Water entry is a highly non-linear transient flow problem, and it has a strong engineering application background. In this paper, a threedimensional numerical model for water entry of inclined cylinder with rotational degrees of freedom was established based on the overlapping grid method and dynamic fluid body interaction, whose reliability was verified by published experimental data. The results show that the rotational angular velocity cause the lateral displacement Y and change the closure and collapse mode of the cavity. As it increases, the dynamic characteristics and pressure distribution show a complex evolution under the effect of the cavity evolution.
Water entry means the structures enters free surface from air with various entry velocity and angle, whose phenomenon is extremely complicated. It is a highly nonlinear process and exists extensively in various engineering fields including (May, 1952; Faltinsen, 1990; Wei Shi and Wang, 2012).

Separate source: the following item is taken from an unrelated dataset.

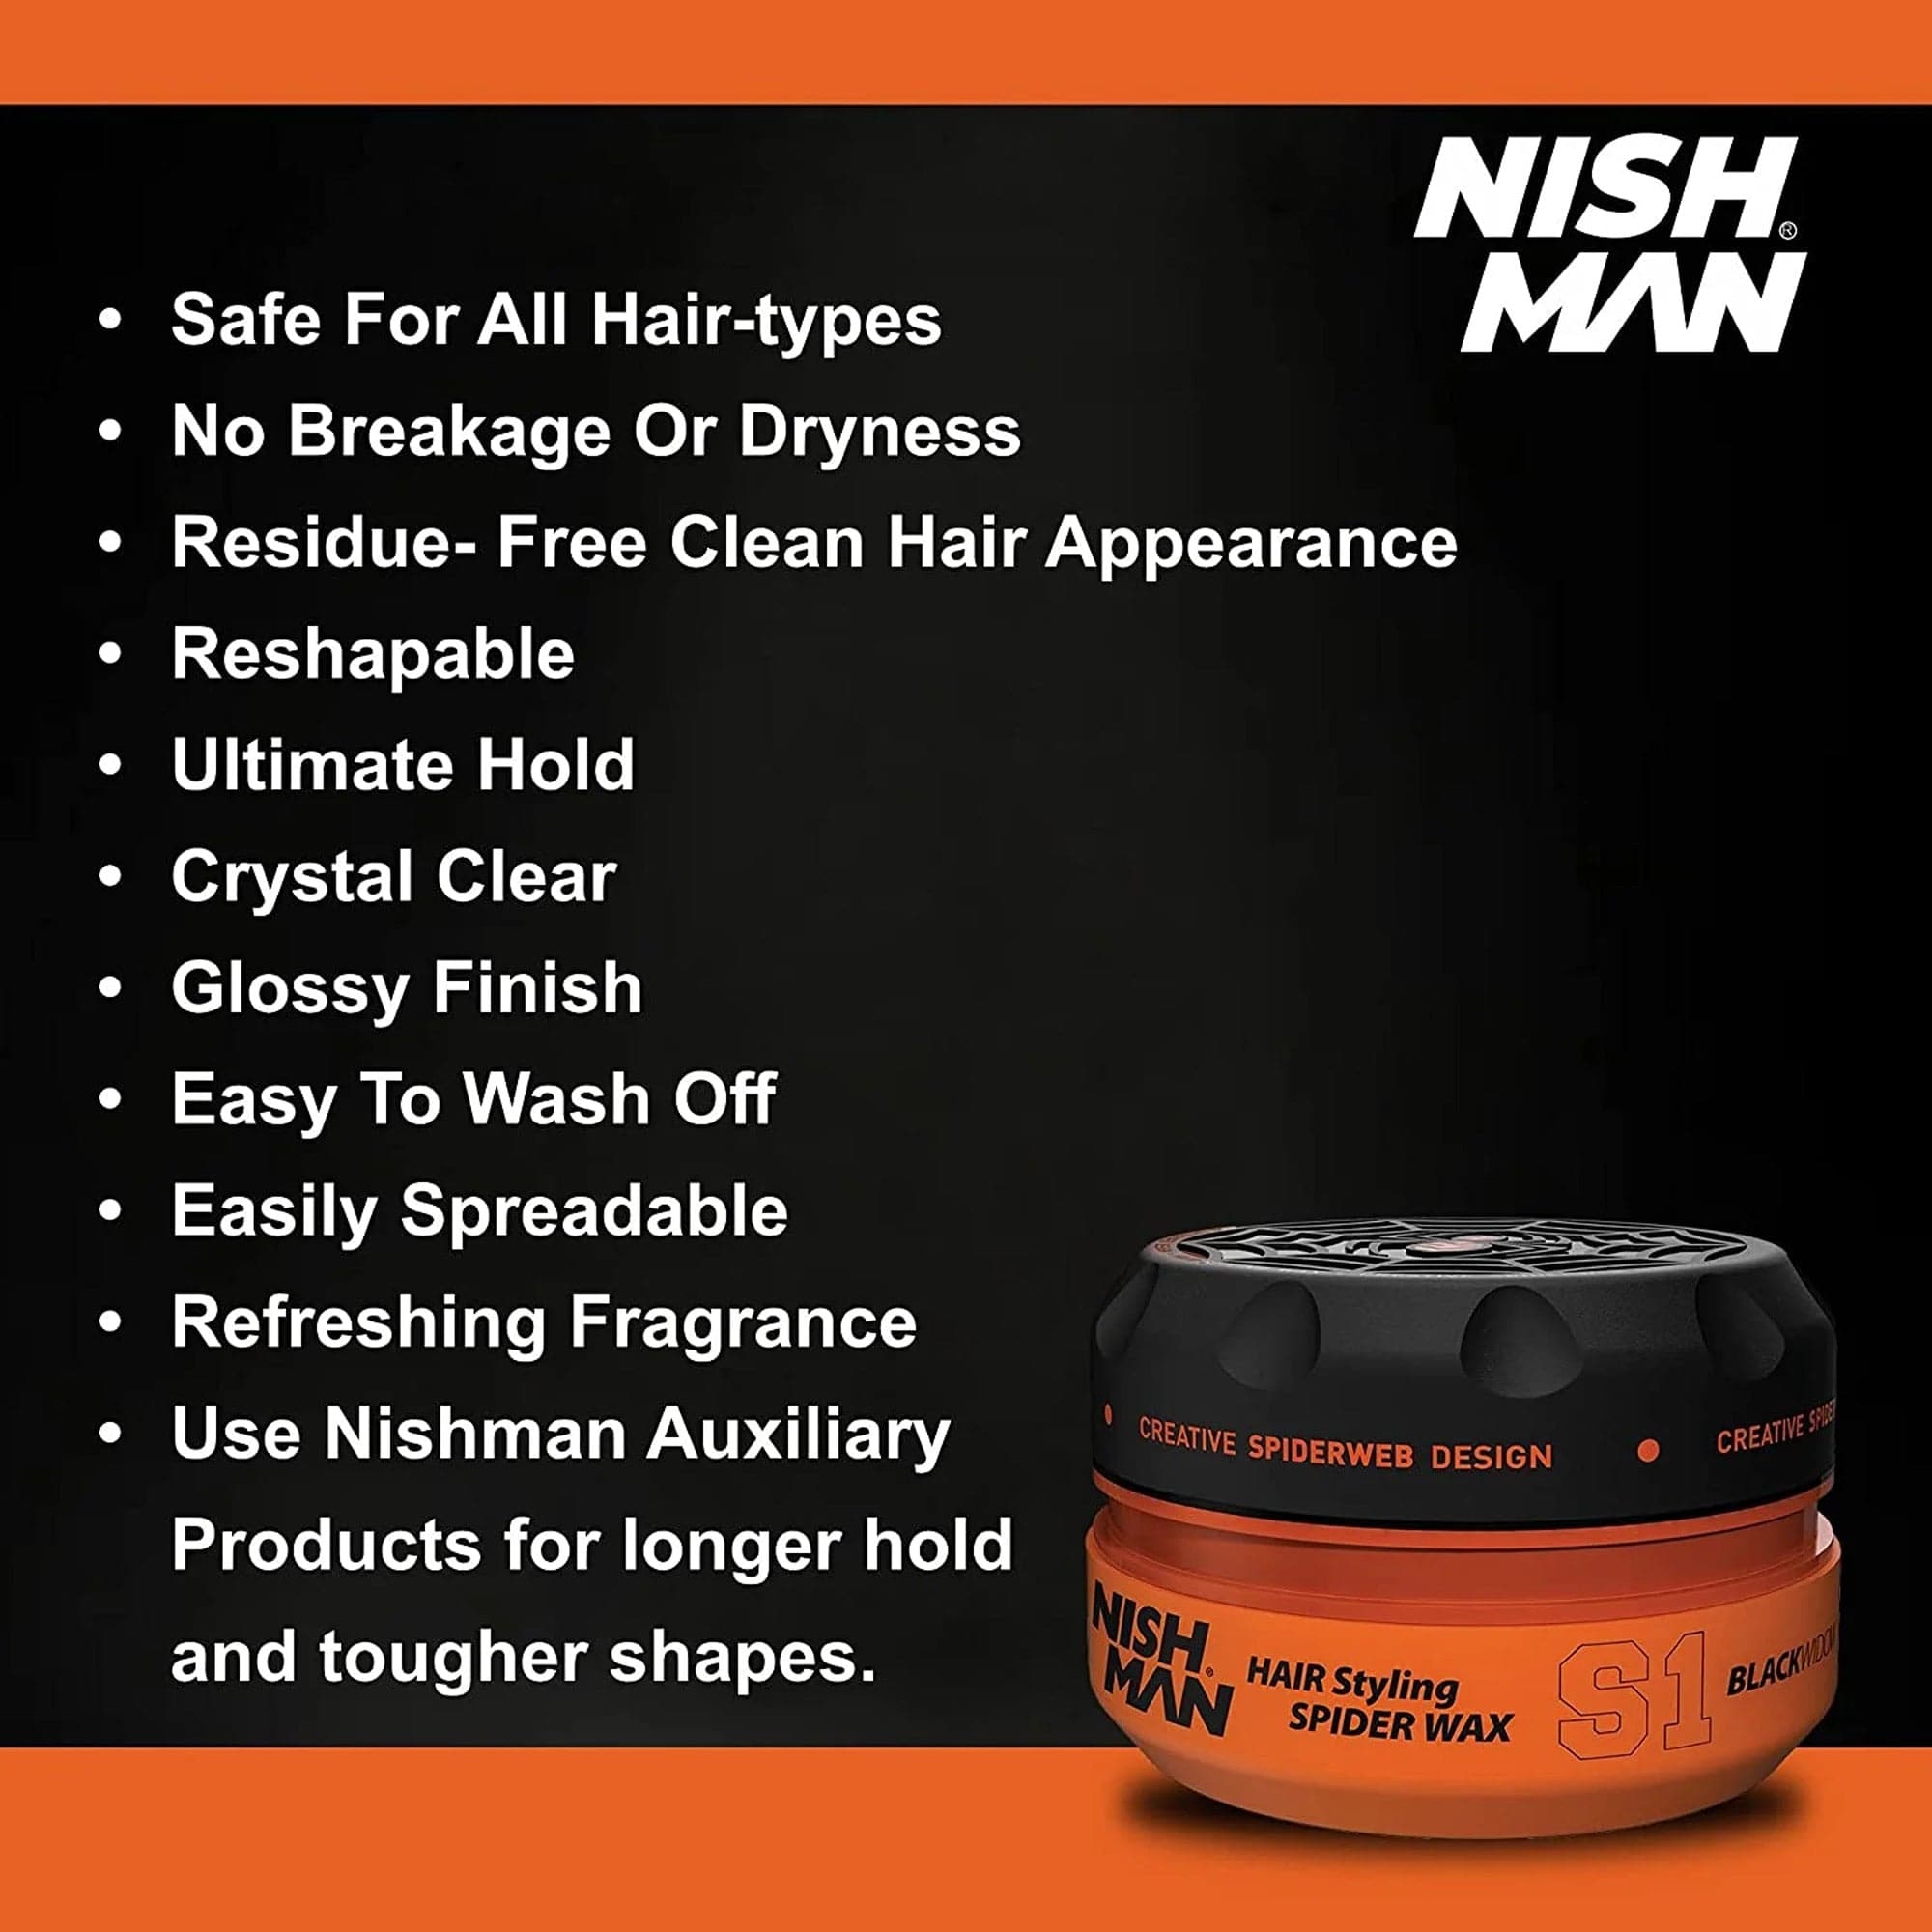 Nishman - Hair Styling Spider Wax S1 Blackwidow 150ml

In order to analyze the entire process of water entry, the experiment, numerical simulation and theoretical method were adopted to study this problem. Experimental approach could provide the most direct and effective research by particle imaging technology and high-speed photography. Worthington and Cole (1897) studied the evolution of cavity and shapes of sphere water entry by using a single-flash camera which is the earliest studies for entry problem. In recent years, Wei and Hu (2014), Aristoff and Bush (2009) and Shams, Jalalisendi and Porfiri (2015) analyzed the cavity evolution and motion characteristics for water entry of the cylinder, sphere and wedge respectively. In order to study the influence of surface wettability on water entry, the mechanism of water entry of the spheres and cylinders were carried out by Li, Zhang, Zhang, Huang, Ma and Wang (2019), Ueda and Iguchi (2012), and Korkmaz and Guzel (2017). Additionally, the researchers also conducted the entry experiments of various structures to analyze the physics mechanism and phenomenon from different aspects. (Yan, Pan, Shi and Wang, 2019; Zeraatgar, Malekmohammadi, Javaherian and Moradi, 2019; Yan, Pan, Shi, Chao and Zhang, 2018; Jalalisendi, Zhao and Porfiri, 2017).